I have recently left a successful & well-paid career as a consultant to set up as a speaker, coach and mentor. It’s a daunting step into the world of self-employment and yet I feel a tremendous sense of calm brought about by an inner-feeling that I am absolutely doing the right thing.
There are thousands of established coaches and speakers in the UK, and around the world and at one level that should cause me concern. It may surprise you to read that it doesn’t and that is because I truly believe there is enough to go around for everyone. Success, in all of it’s forms, is not a finite source. It’s there in abundance for everybody….if you are prepared to work for it.
I have received so many emails since the launch of my book, Enough. Most of them have been celebratory, heart-felt thank-you notes from women and men who have found my story resonates with them. Others have explained how the book has helped them to spring into action and realise their goals. A small number fit into a category that is very different to these. Some people have read the book and felt compelled to write and apologise for or explain their behaviours. Often I have not even been aware of the behaviours as they have been playing out in the person’s own life without my knowledge. It transpires that my journey laid out on social media has served to make some people feel like a failure, like they are not doing enough, being enough, achieving enough. They are holding my life mirror up against themselves and feeling ‘less’.
What has been interesting for me to read is that these people have without exception, explained amazing things that they have done whilst they have been striving to do the things I have done. One lady qualified as a personal trainer for example and yet was berating herself because she hadn’t got her business off the ground as quickly as I have. When I pointed out that she had gained a qualification which would have consumed her time, a qualification I didn’t have, she said she hadn’t considered it. Another lady said she stopped following me because she just couldn’t cope with the consistency I applied to exercise and she couldn’t. She went on to say she had two children under 3, something I don’t have.
This got me thinking about how destructive the comparison trap can be. When rather than drawing inspiration and motivation from another, we use what they do as a stick to beat ourselves with. We don’t compare apples with apples.

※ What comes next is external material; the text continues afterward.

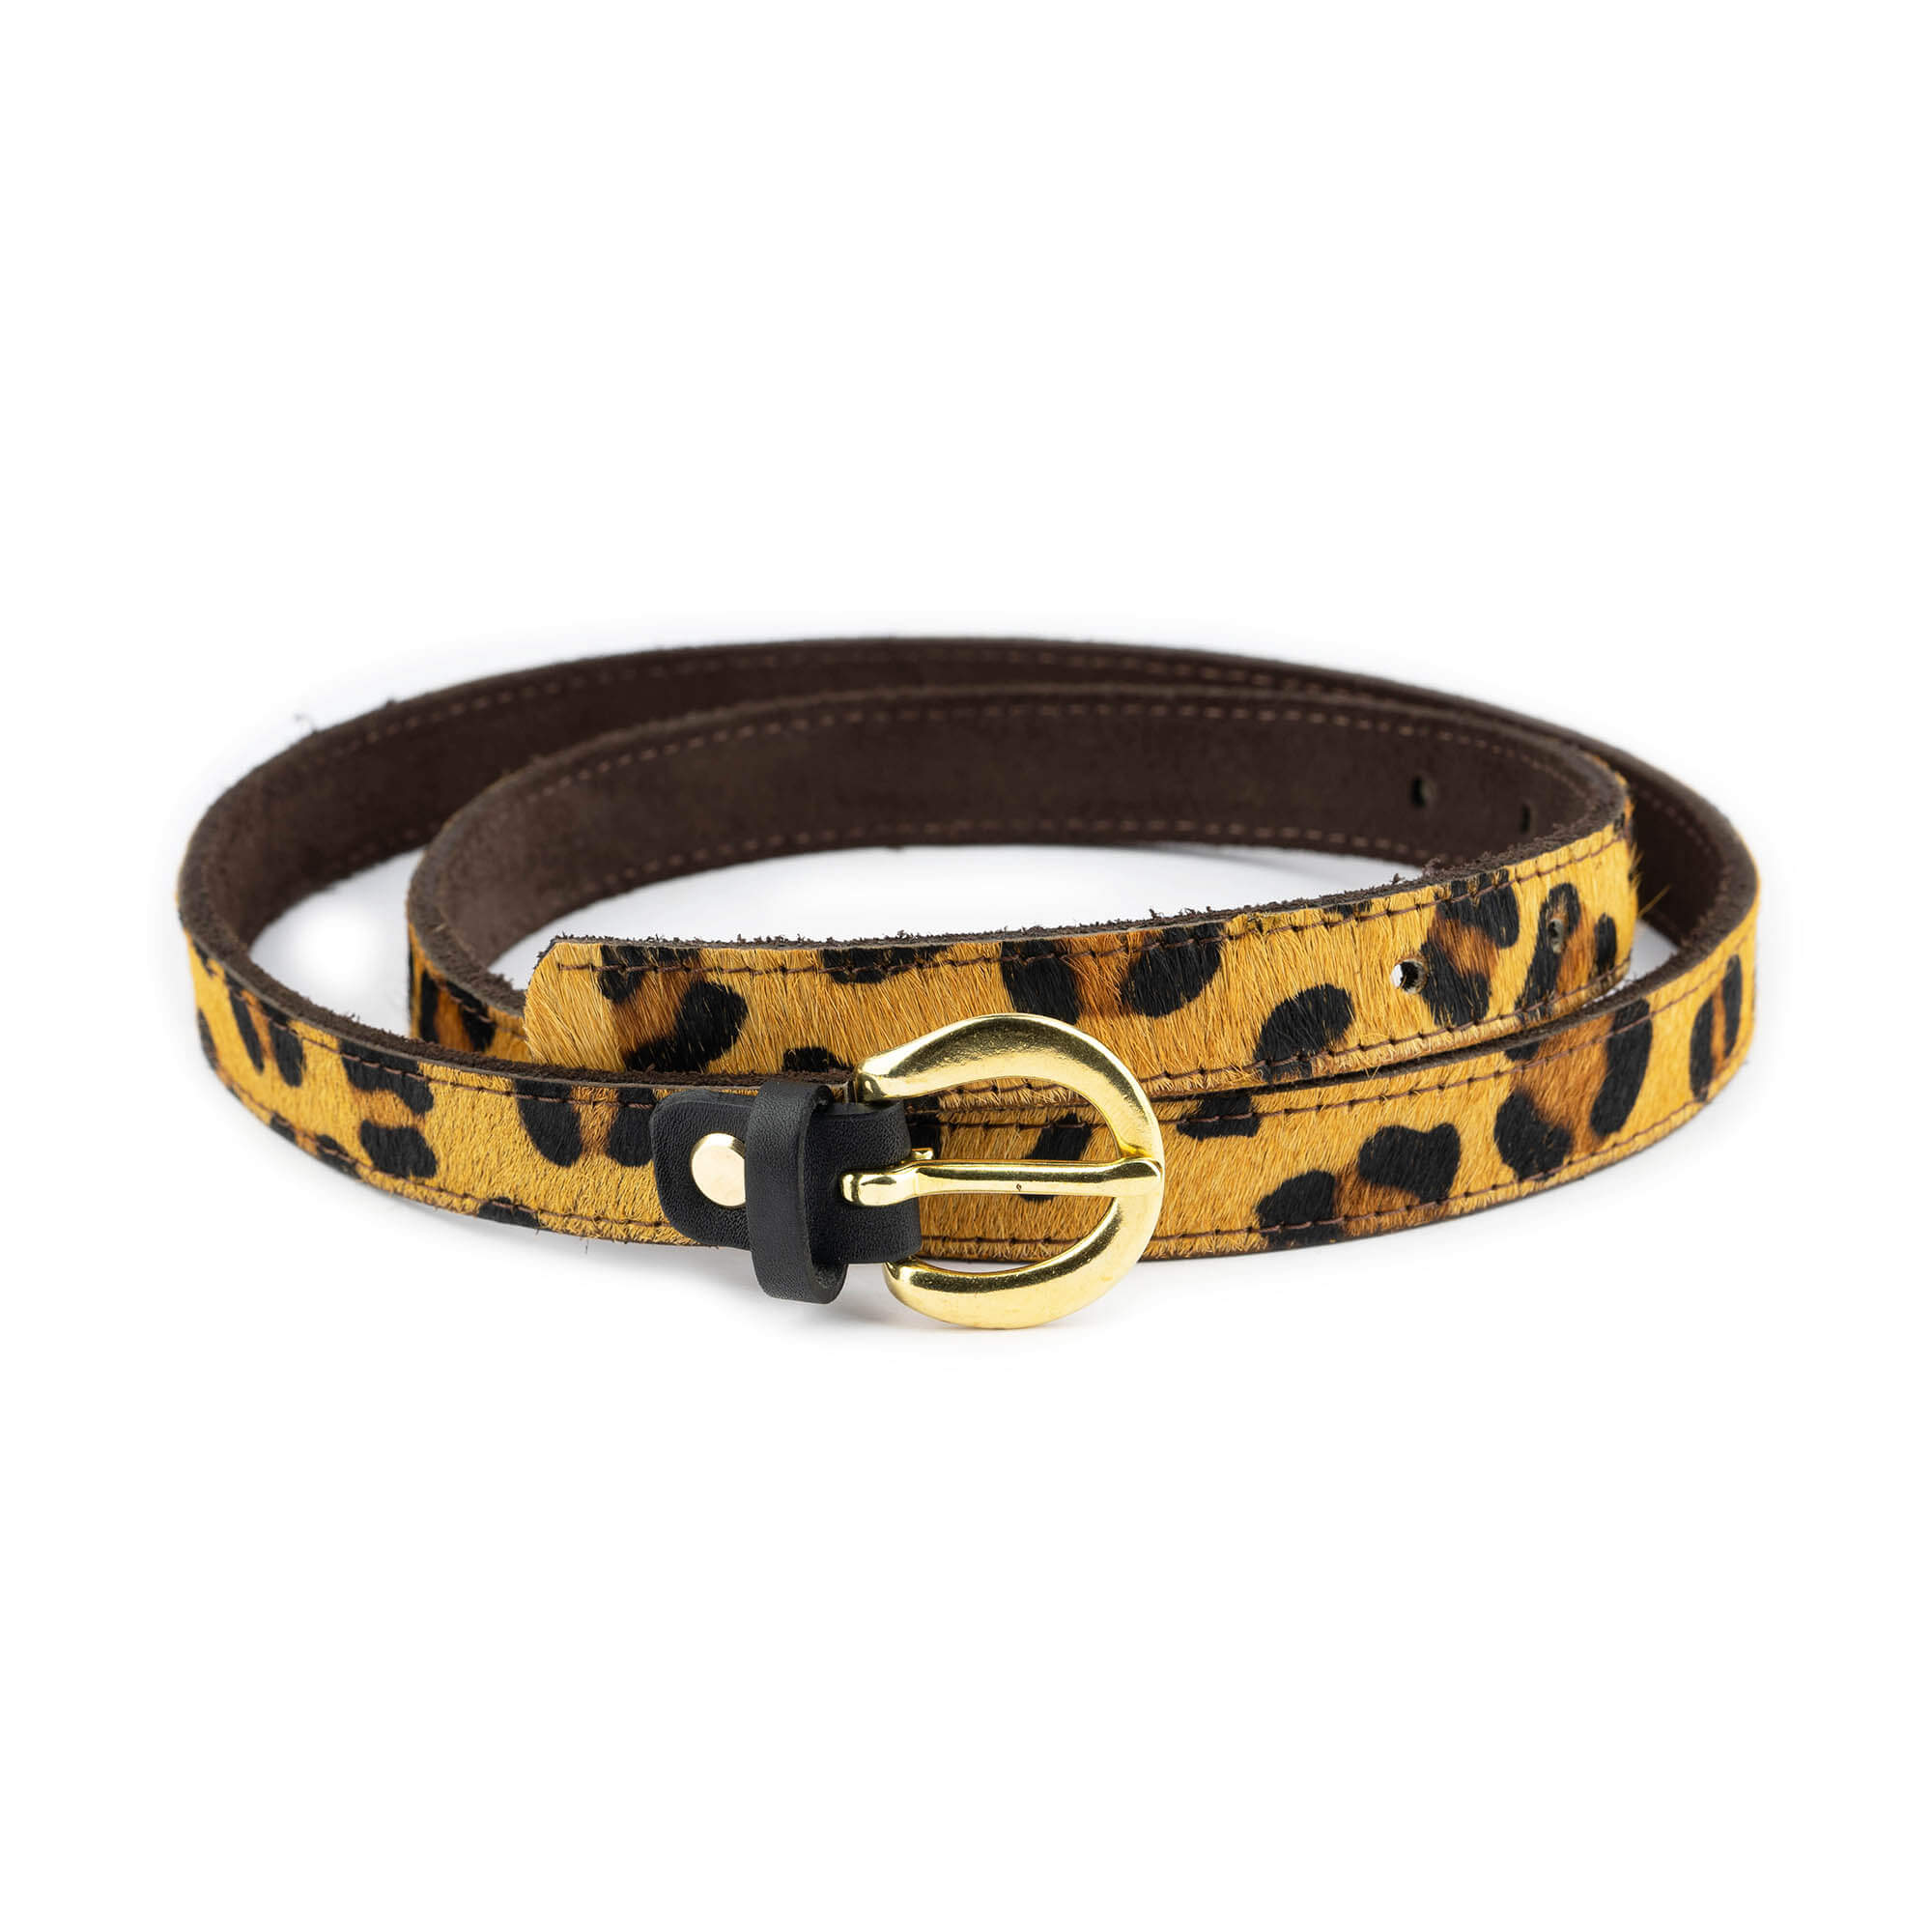 Buy Leopard Print Belt With Gold Buckle | LeatherBeltsOnline.com

We compare an apple to a bag of spinach. They will never look, taste or be the same. It’s easy to discount the things we have on our own plate that the other person doesn’t. The plates we are spinning that they are not. Instead of seeing the obvious differences, we allow ourselves to wear blinkers and focus on the one aspect they do well that we perhaps don’t do so well and deem ourselves inferior.
It’s also convenient to forget that the person we aspire to be like may well be ten steps ahead of us in terms of duration and therefore it’s again not a like for like situation. If I suddenly start comparing myself to Brene Brown, I’m heading straight for failure camp. Brene is off-the-scale successful with multiple best-selling books and a global footprint. She is an idol for women all over the world. I’m nowhere near that. It’s not to say I don’t dream that I could be a multiple best-selling author, but right at this moment, Brene Brown’s success isn’t my yardstick for success. Instead of allowing her amazing feats to make mine look measly, I study the things she does, how she writes, how she communicates and I try to emulate it. They say if you want to achieve the things that others have, follow in their footsteps, do what they do and do it with your own flair, personality and charm. Be inspired by those you hold in high regard and don’t let the green eyed monster take control. The success river doesn’t ever run dry. There is enough to go around for everyone.

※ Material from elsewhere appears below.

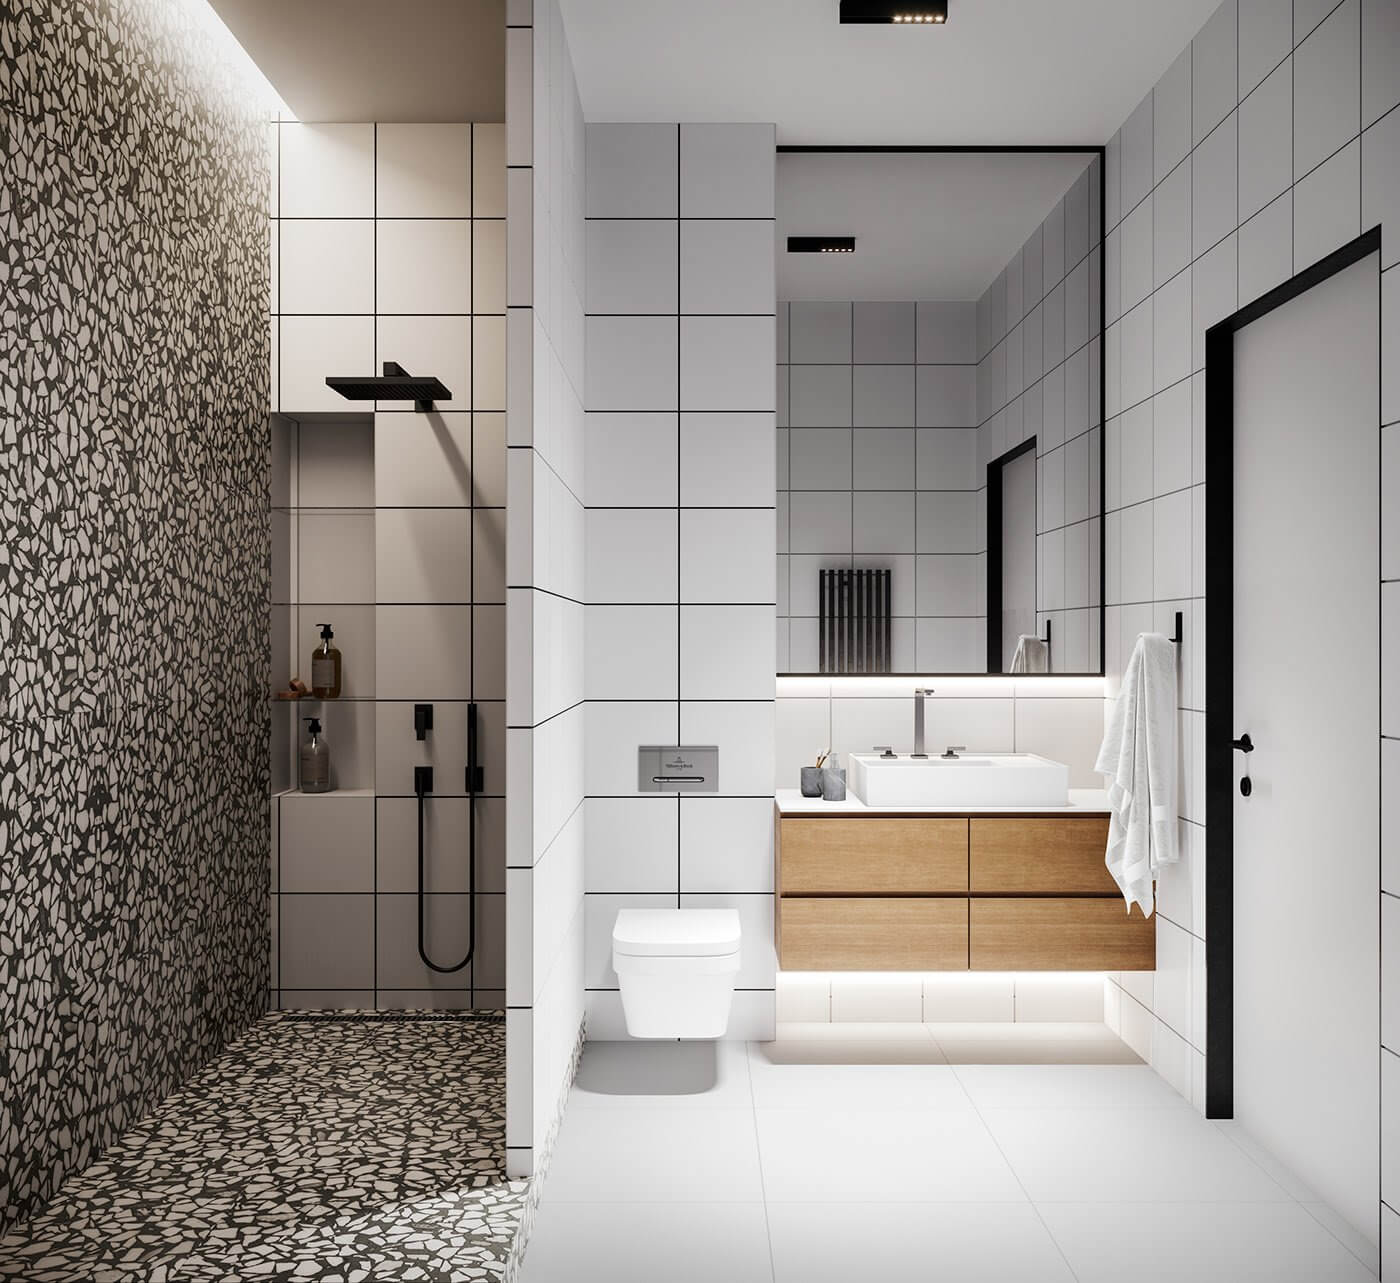 Zalomowa house bathroom shower - cgi visualization

I believe many of us have the propensity to feel inferior when we fall into trap of comparing ourselves to others and it takes deliberate practice to re-frame this and start to use the success of another to drive us forward rather than hold us back.
Here’s my top tips..
- Stick to your own path at your own pace and if you are tempted to be a tourist on somebody else’s path, understand how long they have been treading it for and where it’s leading. Their destination may not be yours.

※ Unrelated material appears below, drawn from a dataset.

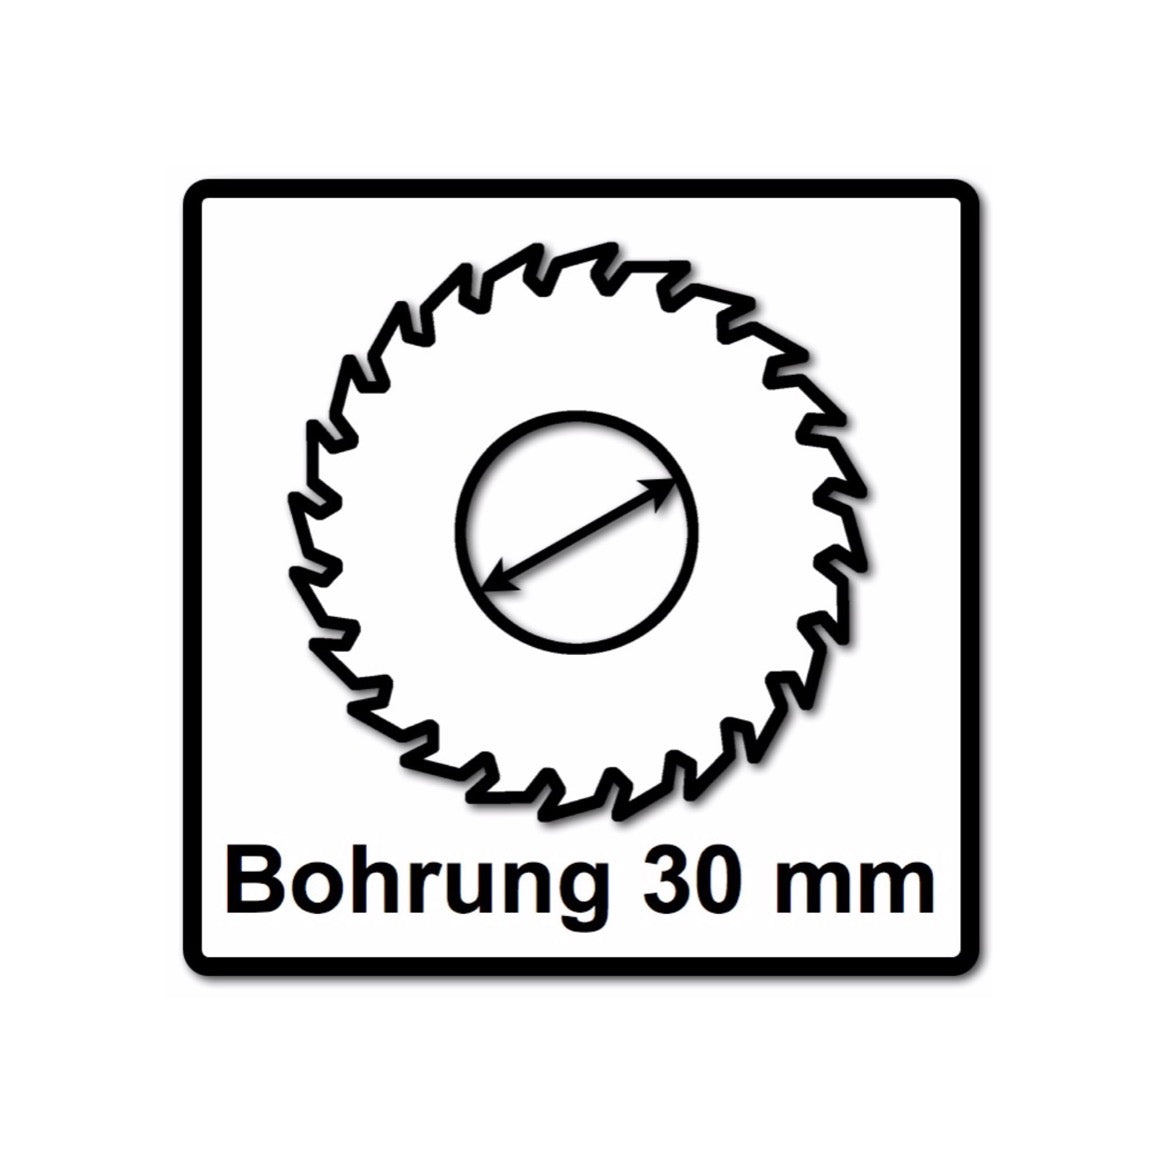 Bosch Kreissägeblatt Expert for Aluminium 216 x 30 x 2,6 mm 64Z ( 2608 –  Toolbrothers

- If you find yourself being ‘snarly’ about another person because they are making you feel unsuccessful, openly praise them for the thing that is making you feel that way.
- Celebrate your own successes often, shout about them, pat yourself on the back and be proud.
- Be realistic about what you have on your own plate and what you can achieve. Just because ‘Miss Fit’ on Instagram springs out of bed and does a 10k run every morning at 5am doesn’t mean it’s realistic for you to do the same.
- Spring into action. If you want the things others have, you won’t get them by scrolling through social media and wishing. You have to make a change to make a change (remembering to keep step 4 in mind).
- Find out what others do, how they do it and follow suit with your own flair.
- Remind yourself that you are enough every single day.
- Be YOU. The world doesn’t need dozens of the same people. It needs individuals with passion and purpose.
Most of all, if you find yourself in a situation where another person is making you feel less than who you are, remind yourself of the amazing job you do, the things you have achieved and what you are still aiming to do. Carry on treading your path. The tortoise always finishes too.